- _WORK ITEM_: Output nothing but the lines from the one holding "Vegan bananenbrood Pinterest collage" to the end of the listing. Reproduce them exactly, without the pictures.

--- GIVEN MATERIAL Enclosed Below ---

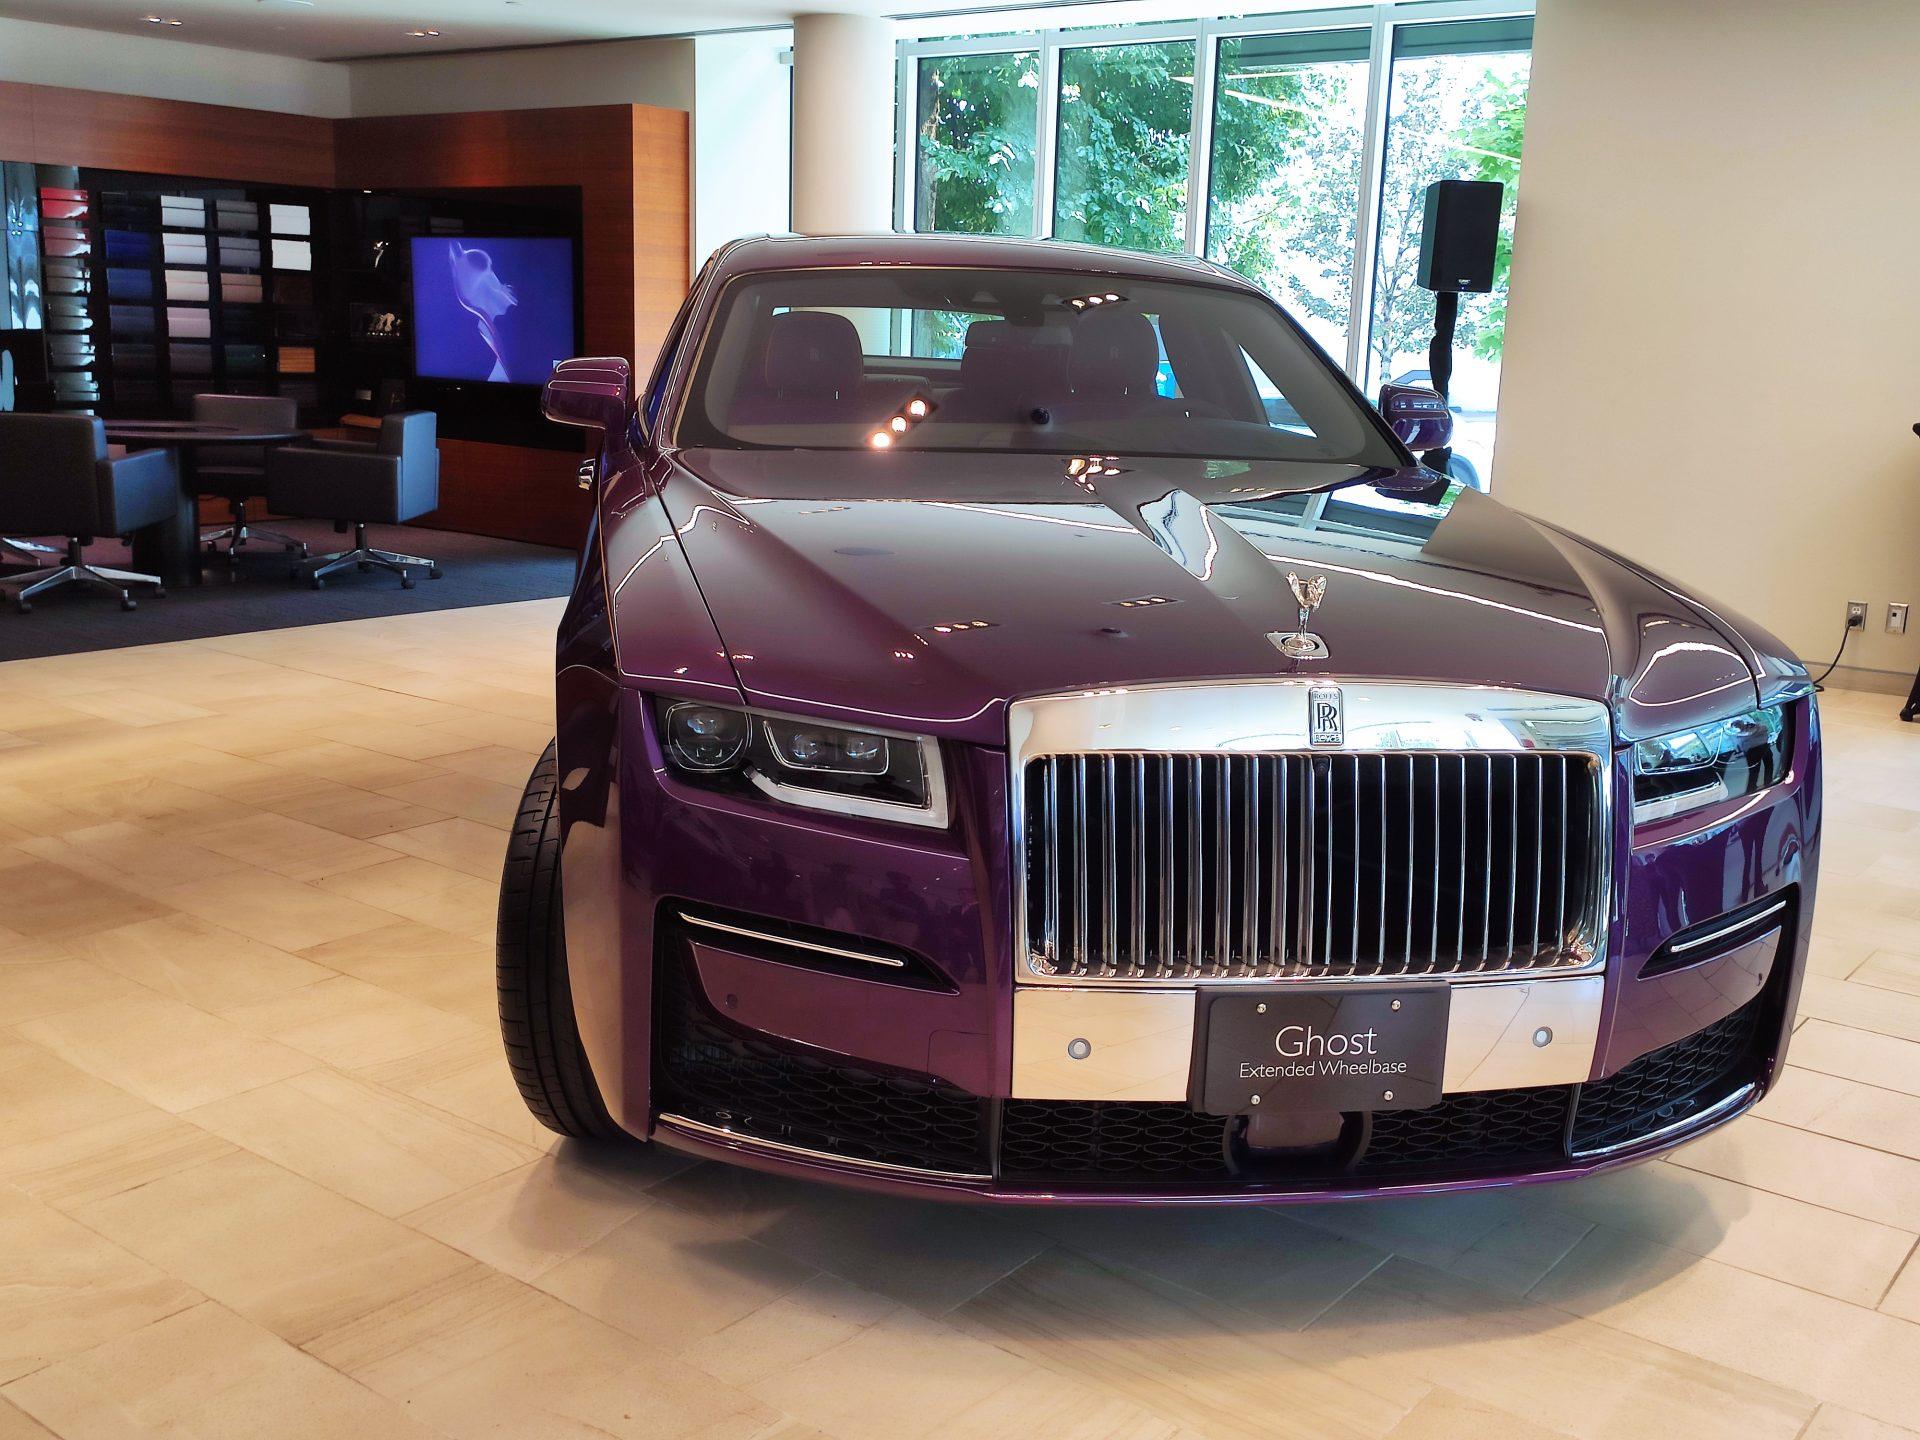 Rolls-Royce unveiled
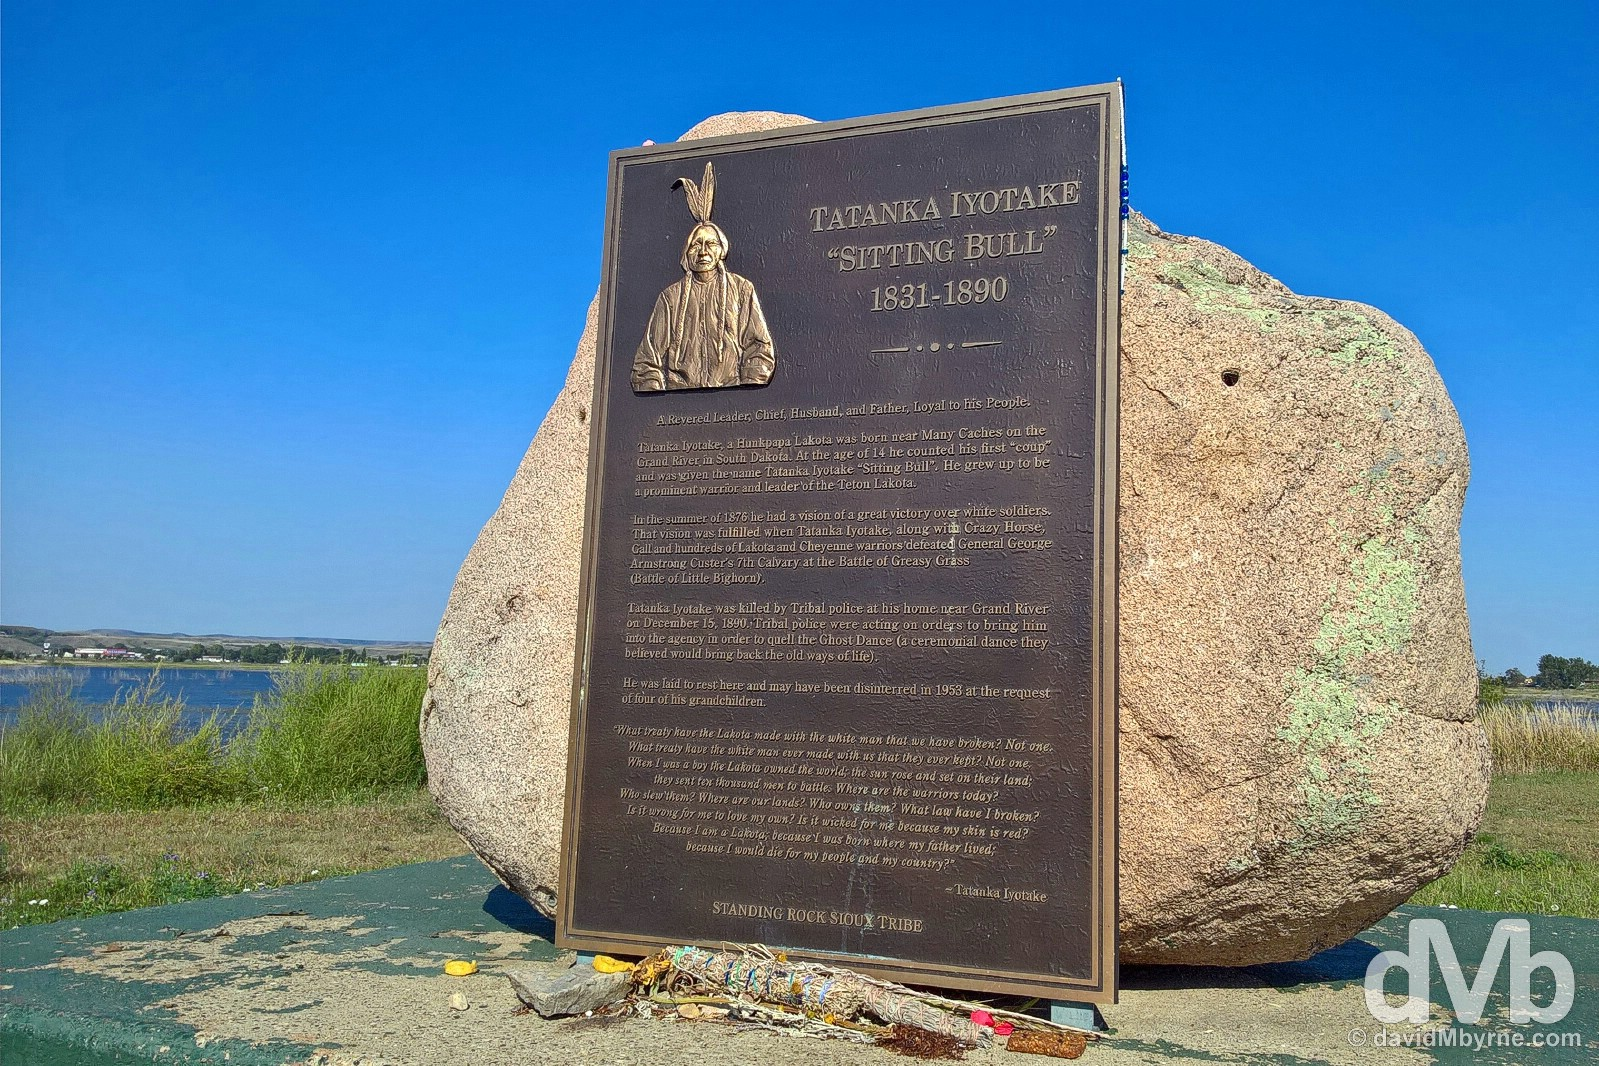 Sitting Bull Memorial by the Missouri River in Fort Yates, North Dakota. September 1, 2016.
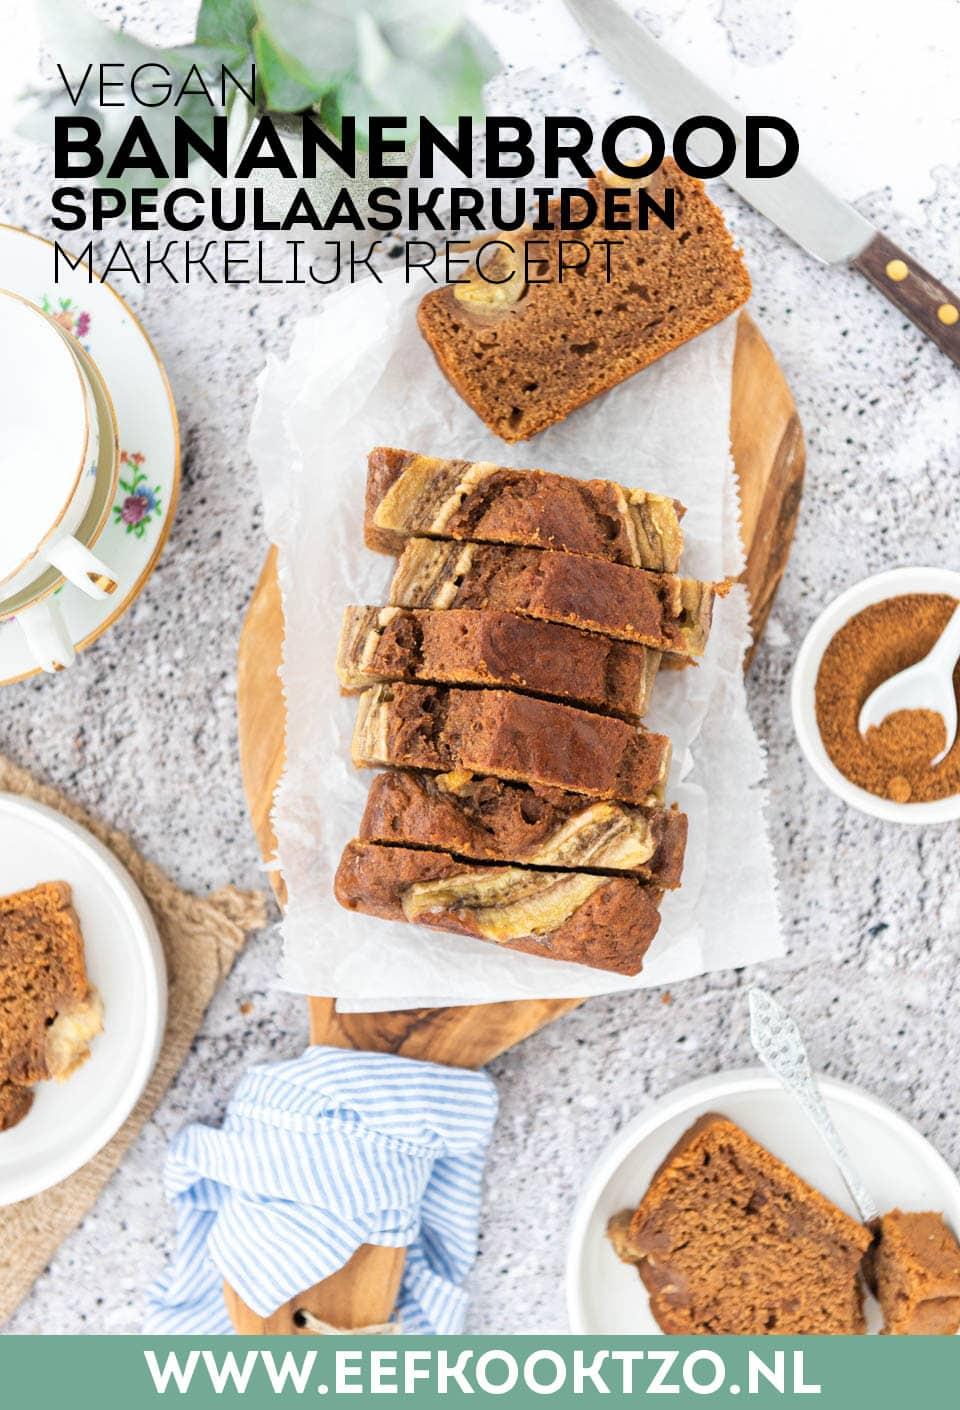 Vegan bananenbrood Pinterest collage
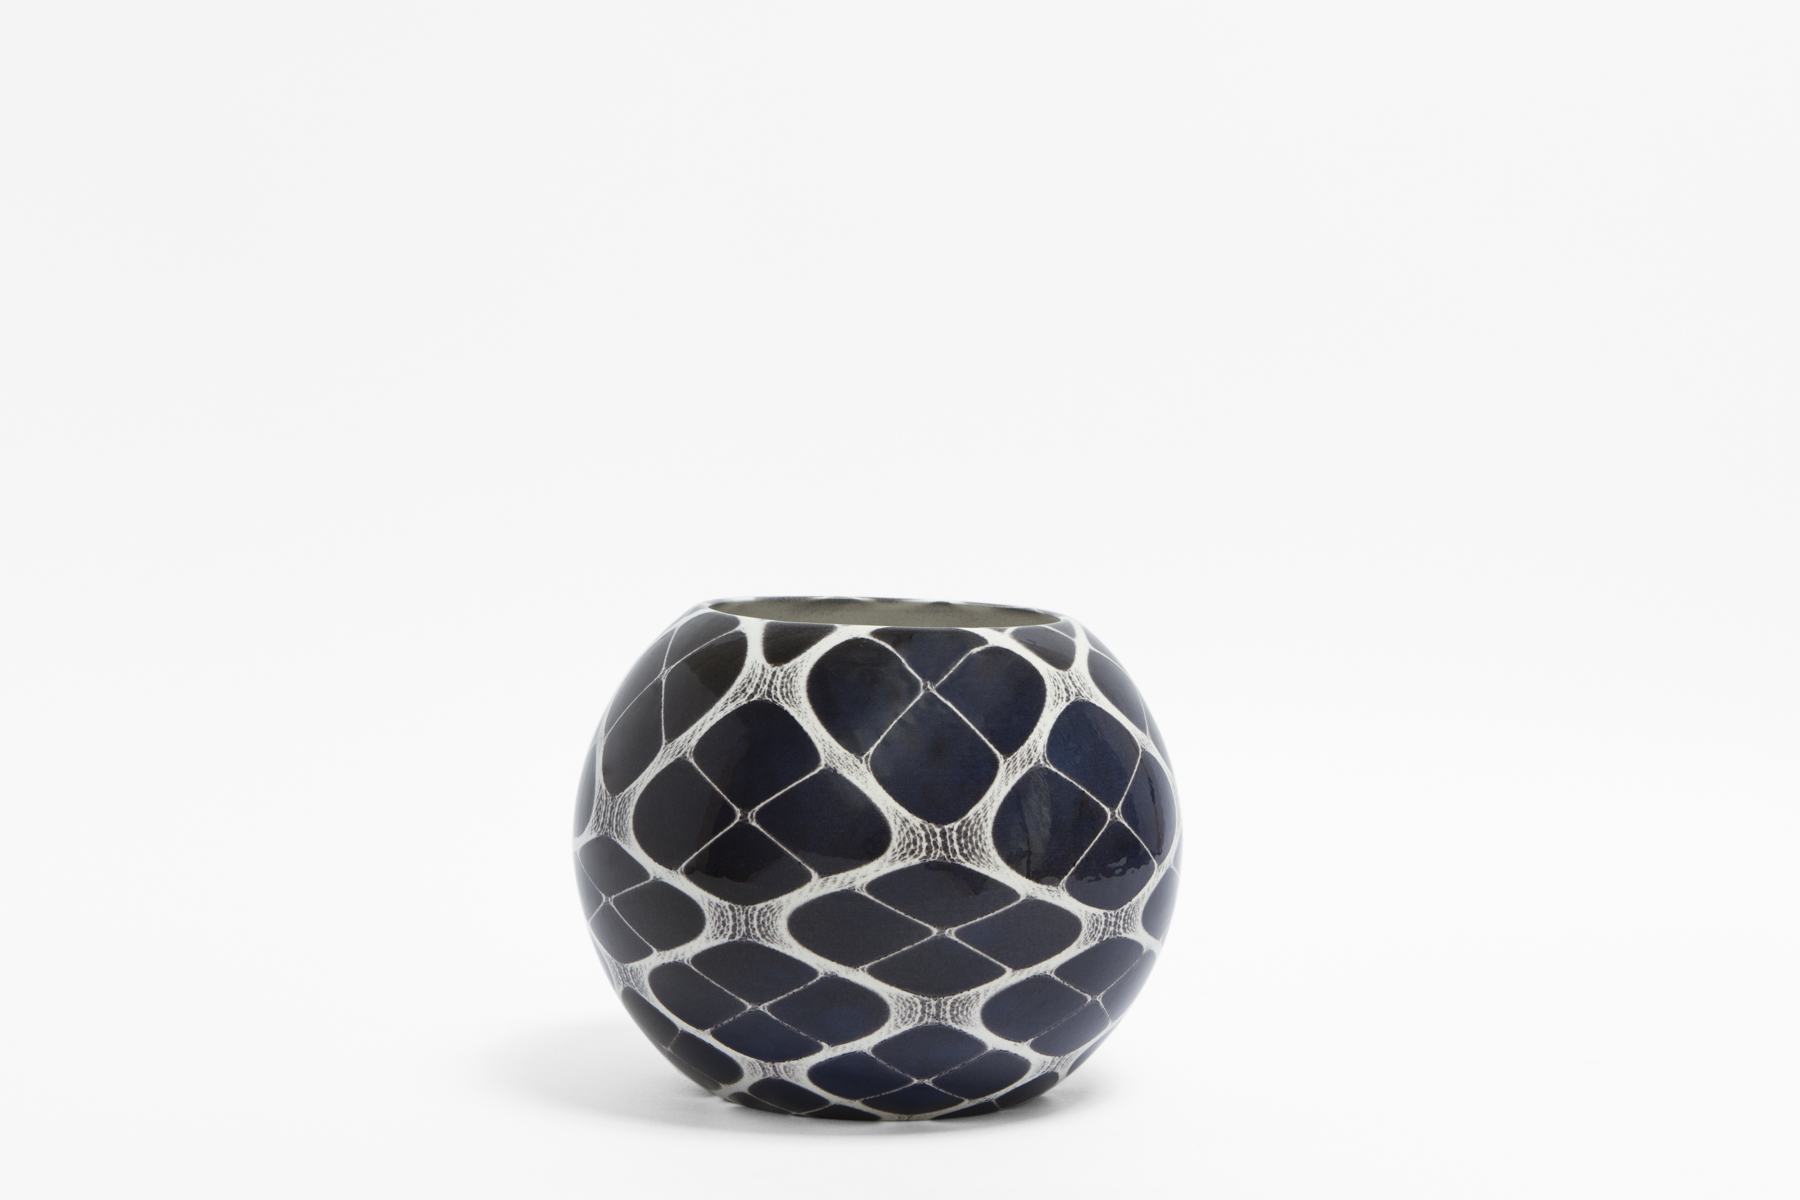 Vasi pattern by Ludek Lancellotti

--- End of Enclosed GIVEN MATERIAL ---

- _EXERCISE ANSWER_:
 Vegan bananenbrood Pinterest collage
 Vasi pattern by Ludek Lancellotti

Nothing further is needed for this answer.